While there is certainly evidence to some amount of hallucinating going on during the ending scenes, and it’s likely that either the Reapers or perhaps the Illusive Man, himself, is attempting to “Indoctrinate” Commander Shepard before he reaches the Catalyst, I do not think the whole entire ending was just a bad dream or whatever.  It seemed to me, as I played through the ending, that what happened actually happened physically while an Indoctrination attempt was occurring. In other words, some parts are clearly hallucinations, but his confrontation with the Illusive Man and his encounter with the ghost child/Catalyst were physical, and the results of Shepard’s choice was also physical.

But I do have a bone to pick with the assumption that the “Destroy All Synthetics” option is the only “right” choice. Mainly because it is an assumption based off an assumption: that synthetics can’t have souls. Even though the storyline makes it quite clear, at least as pertaining to the Mass effect universe, that even though synthetics might not start out with souls, they can eventually develop one.

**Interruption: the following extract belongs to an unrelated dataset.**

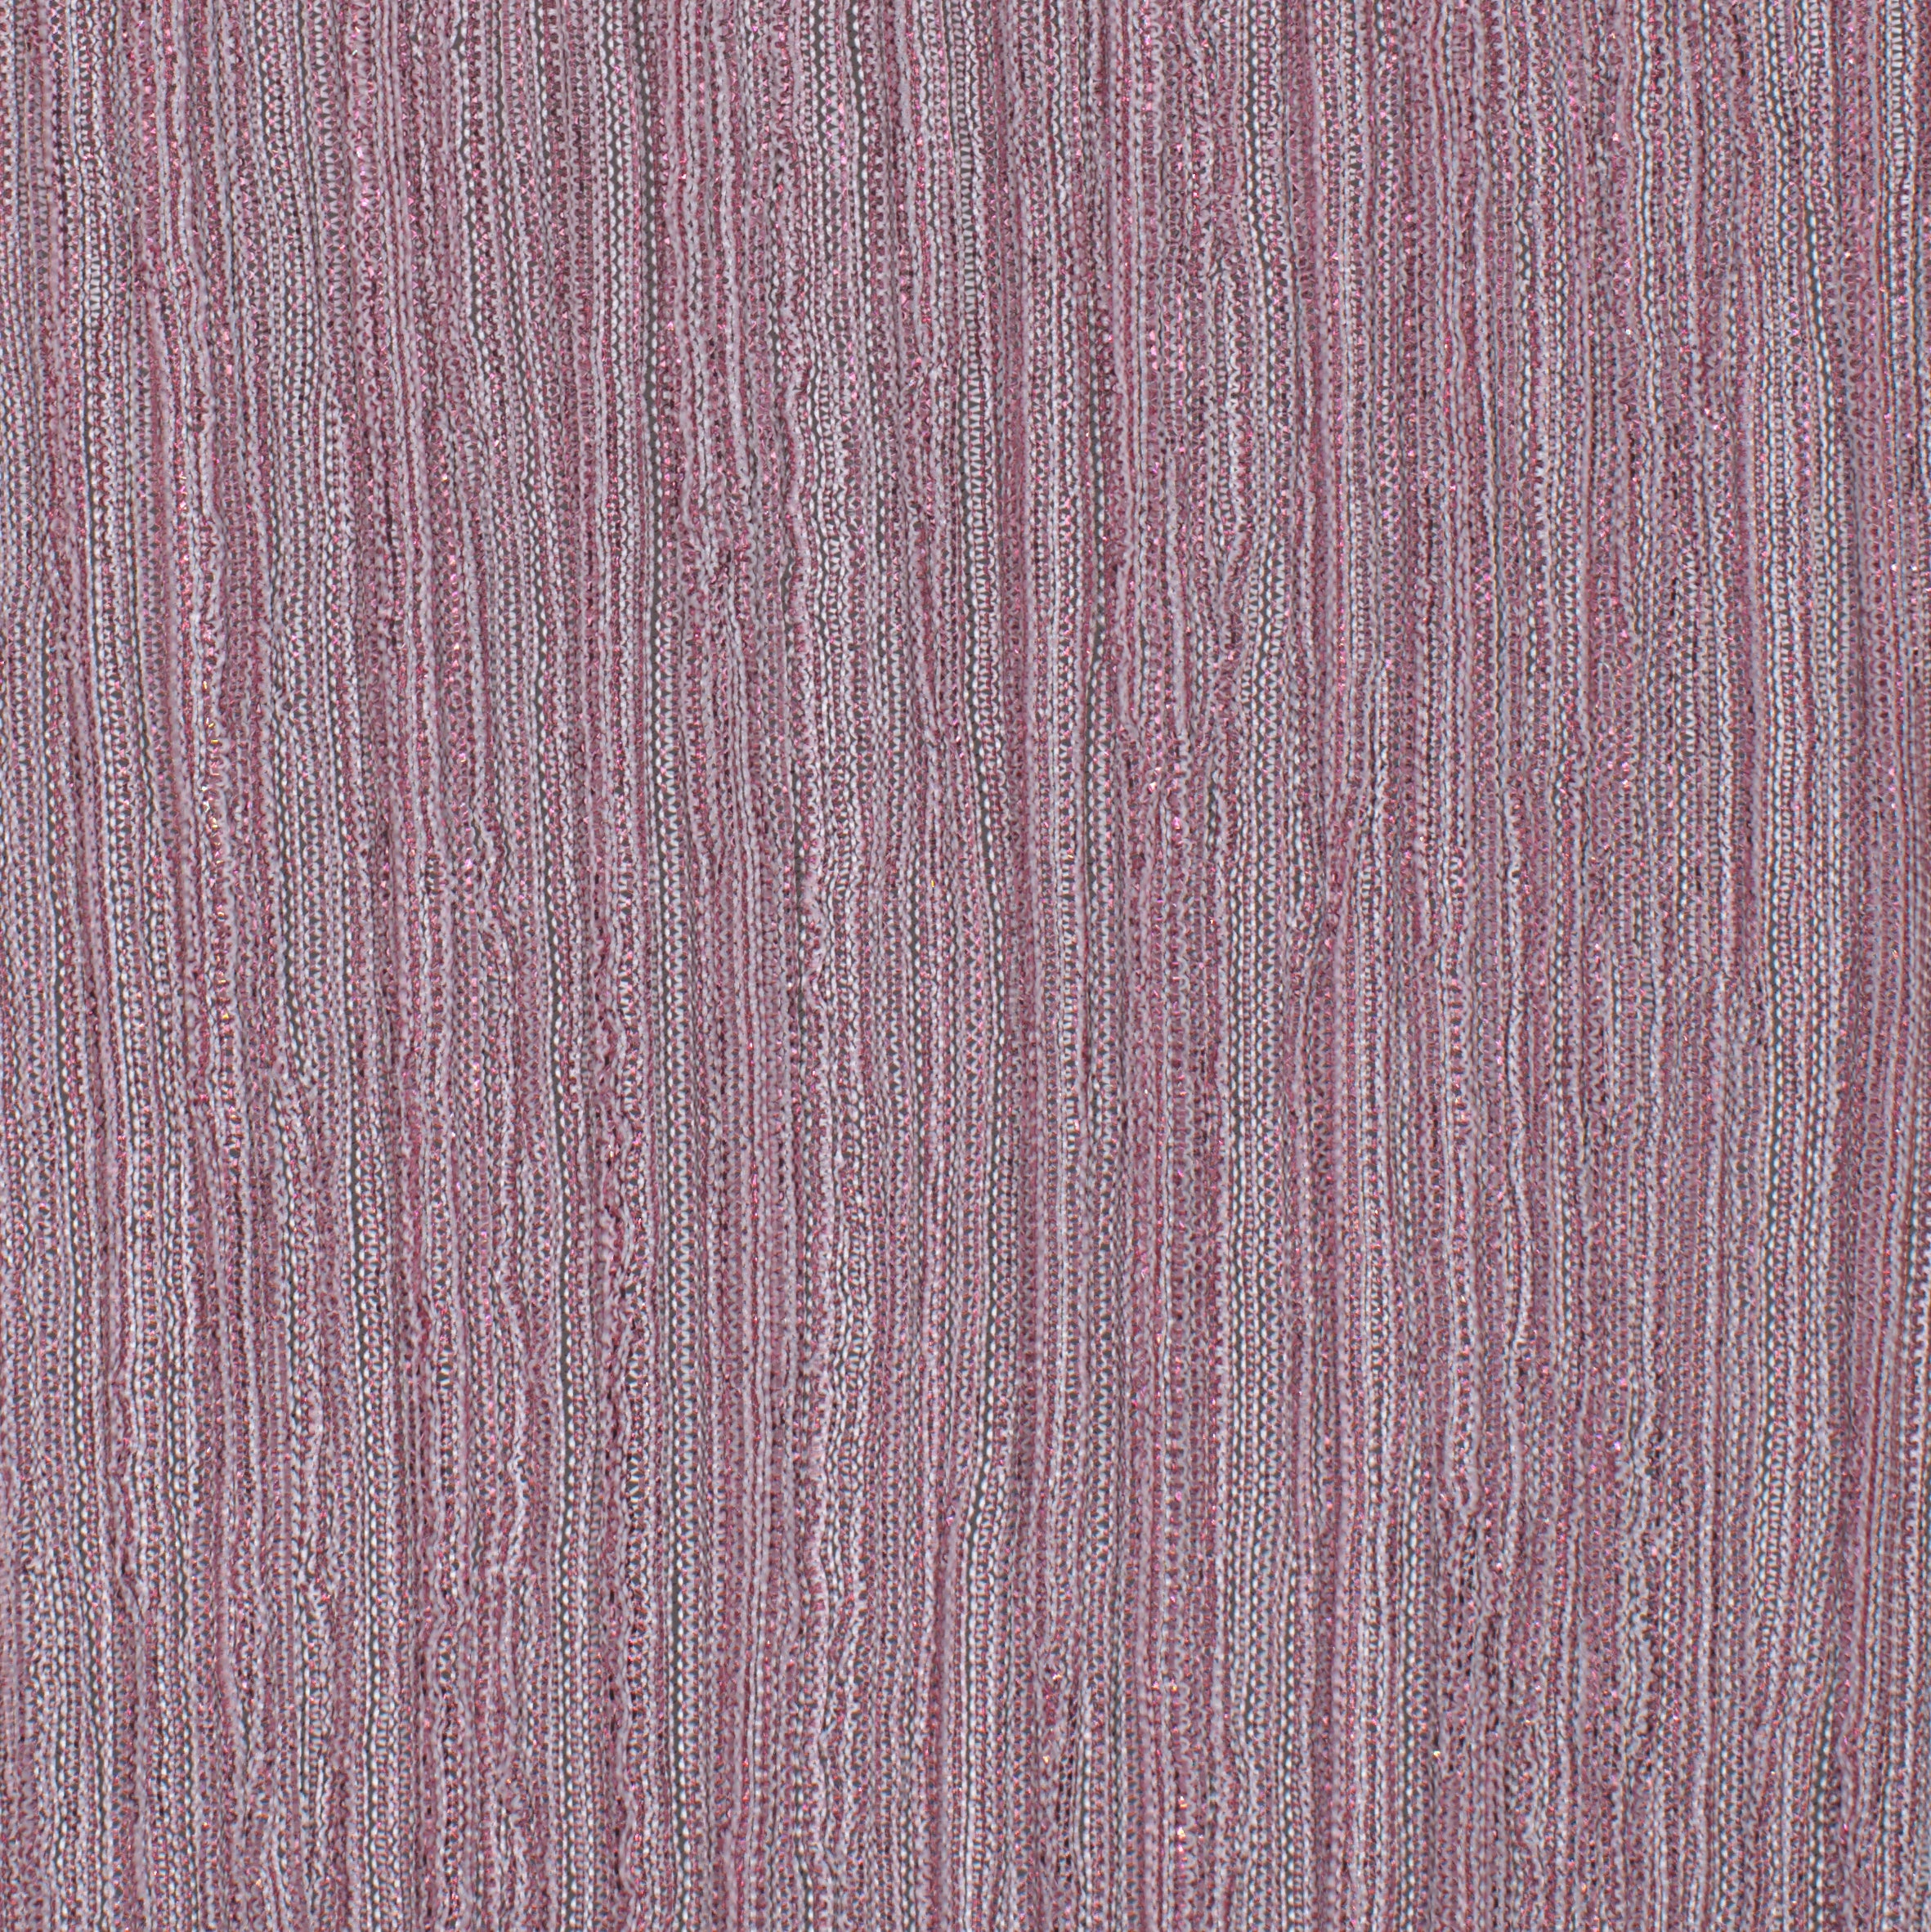 12006-16 Rose Pink Pink Metallic Pleat Plain Dyed Blend 126g/yd 56" blend knit metallic pink plain dyed pleat ppl new Metallic, Pleat - knit fabric - woven fabric - fabric company - fabric wholesale - fabric b2b - fabric factory - high quality fabric - hong kong fabric - fabric hk - acetate fabric - cotton fabric - linen fabric - metallic fabric - nylon fabric - polyester fabric - spandex fabric - chun wing hing - cwh hk - fabric worldwide ship - 針織布 - 梳織布 - 布料公司- 布料批發 - 香港布料 - 秦榮興
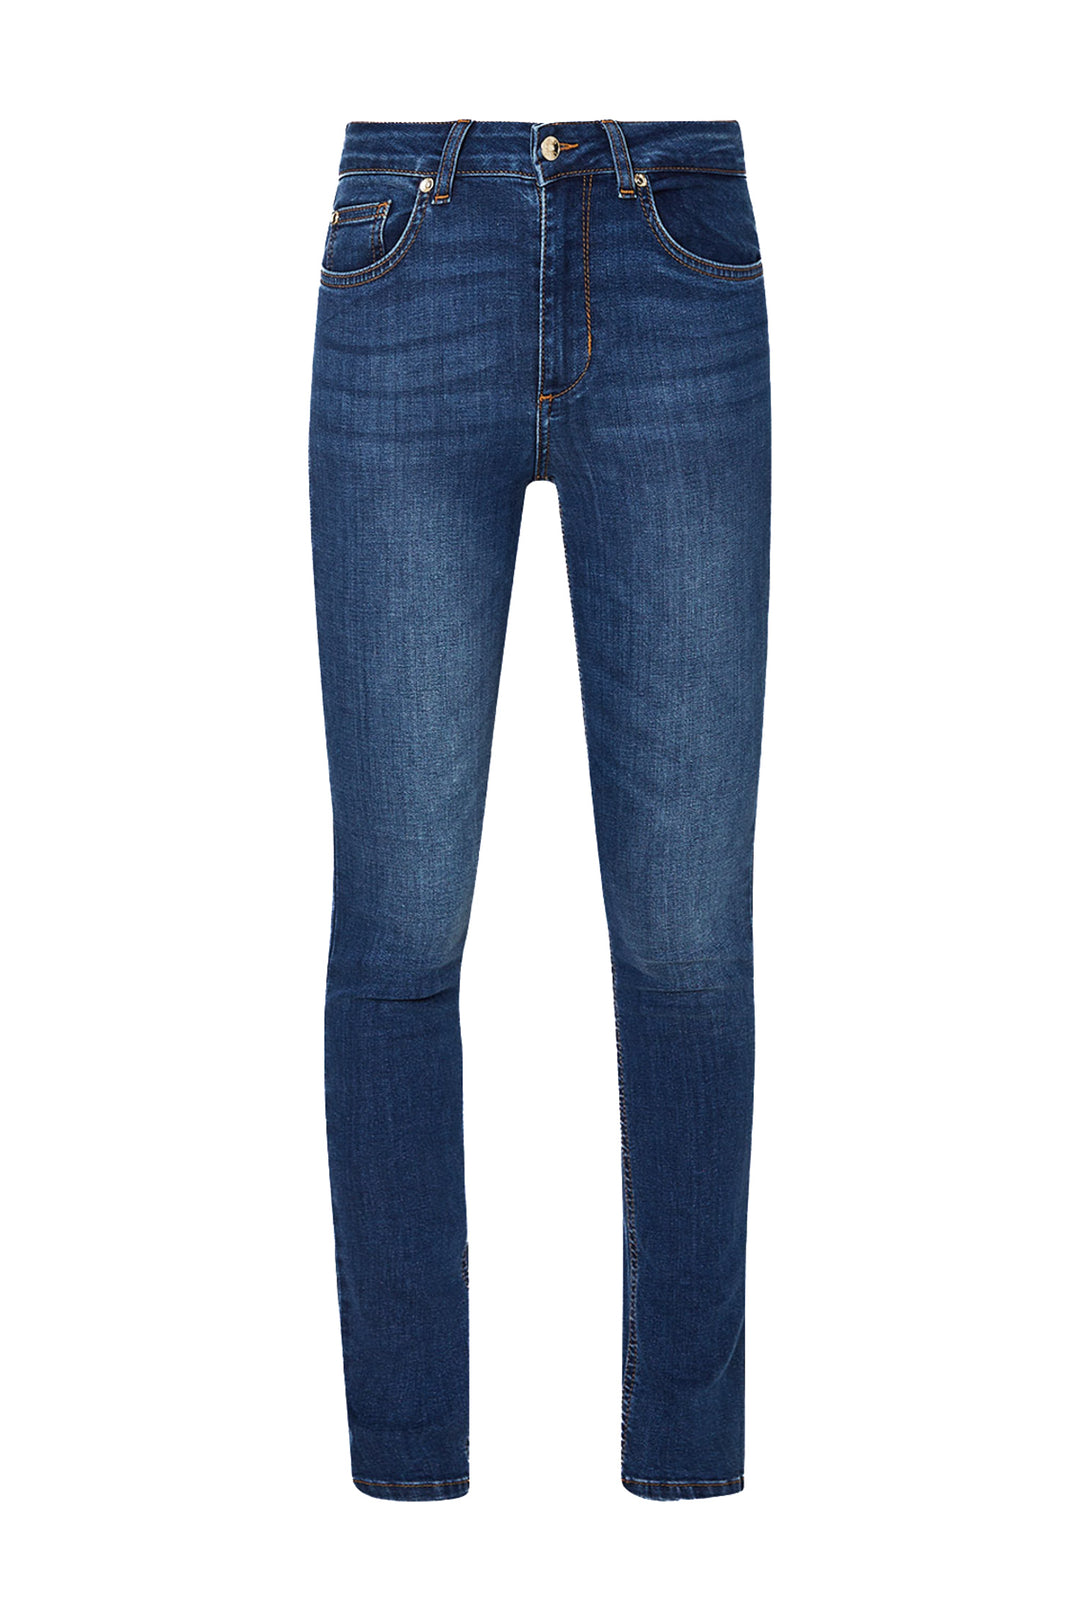 LIU JO Jeans skinny bottom up in denim di cotone stretch lavaggio used - Mancinelli 1954

The proof of this is in two highly lovable characters: Legion and EDI.

Legion is a Geth. Geth are basically colonies of AI software within a hardware chassis, and (if you manage to get the Geth and Quarians to stop trying to kill each other) you discover that the Geth are also capable of “installing” themselves into the Quarian’s (their organic creators) environmental suits, and even into the Quarian’s bodies to boost their otherwise fubarred immune systems.  There’s a reason I’m explaining that part as you’ll see later.

The thing about Legion is he sacrifices himself for his fellow Geth, but when he does so, at his last moment, he ceases to refer to himself as “we” and starts saying “I”. By doing so, he shows that even a collectivized set of software programs like the Geth can achieve individuality, or as EDI eloquently put it in a later scene: “He became a person.”

To become a person is to become a soul, because that is what a soul is: your self-awareness, your individuality, your personality.

And speaking of EDI, watch this scene and then tell me that EDI also hasn’t developed a soul of her own by this point:

Another thing that makes EDI so interesting is that she was created with Reaper technology…and yet she never ever displays any of the arrogant condescending attitude toward organics that the Reapers display in their quest to fulfill their creators’ wishes: to “save” organic life from the synthetics by, every 50,000 years, wiping out all organic civilizations that are technologically capable of creating advanced AIs.  (What brilliant person thought that silly solution up? Oh yeah….).

And now to another problem I have with the “Destroy All Synthetics” option. Considering the time period, just how many advanced life forms in the galaxy are at least partly if not half synthetic? What happens when your AI-ran pace-maker fries? Oh right….

Ya kinda just did the Reapers job for them, didn’t ya’?

Also, by killing off the Geth you just doomed (at minimum) the Quarians – unless you really screwed the pooch and ended up with either the Geth or the Quarians already wiped out. So yeah, you kill the Reapers, but also EDI, the Geth, and any Humans/Turians/Salarians/Asari with AI pace-makers/biotics enhancers/et., al. (at least in the “Bad” ending for the “Destroy” option).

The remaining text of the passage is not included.